I'm an over achiever. I've got a form of mental retardation that makes it impossible for me to settle for anything less than the high score, which I believe is the reason that I have always exceeded the BMI for my height/age. Some naysayers may try and point to my predication for southern cooking or my allergic reaction to physical endeavors, but I will stand by my deep seeded need for gold stars. In complete opposition to everything that I have just said, I have recently started going to the gym, mostly because my ladyfriends are doing it and I can't be left behind.
I wake up at 5am, put on my cutest/tightest workout gears and drag myself upstairs. Teeth brushing/ hair brushing / life hating / curse mouthing and I'm out the door by 5:20 - 30 minutes of C25K, 30 minutes of gettin swoll and im home by 6:30. This is how [nearly] every (other)day starts. I hate it. People talk about getting a runner's high or feeling better about themselves when they eat salad, but I think it's all bullshit. I feel better when I eat a sleeve of oreos before bed and I get a high when....I get high. Those two things may or may not be related to eachother and my lack of body karate. This doesn't mean im going to stop going to the gym or start eating shitty again. I am going to continue sweating like a demon and giving away all the baked goods that I make, because I refuse to come in any place but first. I need winning more than I need happiness.
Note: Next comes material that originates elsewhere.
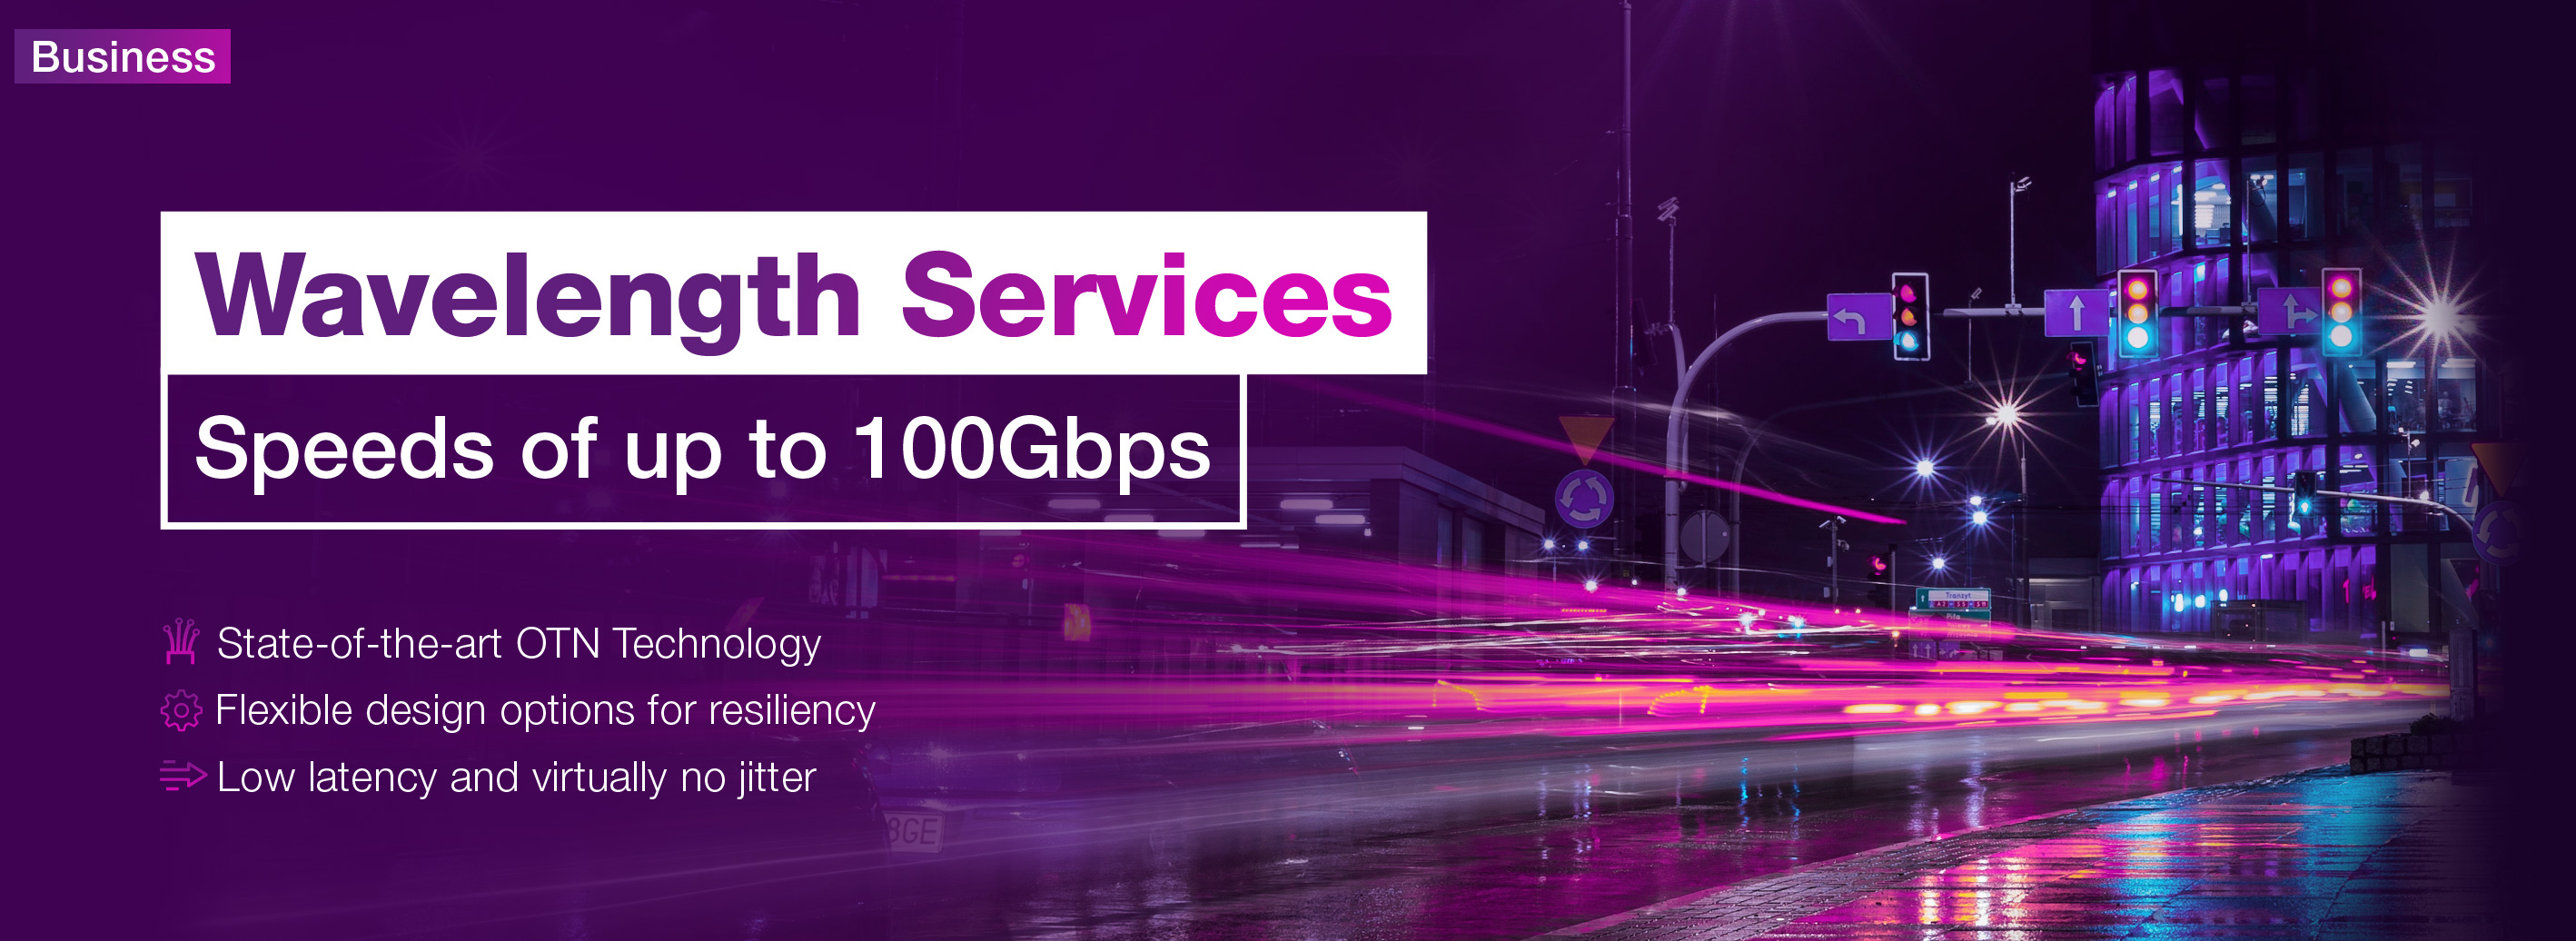 TPG Wavelength Services - speeds of up to 100Gbps

I told you I was retarded.
I'll keep you posted on my hate/ weight loss on a semi weekly basis or whatever. ugghhhhh its only 10 am and I'm already exhausted because I've been up for 5 hours- working out is for assholes- so uh good luck.
i'm looking into an outfit made of reflectors so i can actually work out in the middle of the nite. ya know, when i'm awake. i seriously think my body is still on alaska time. 9 years of jet lag...seriously?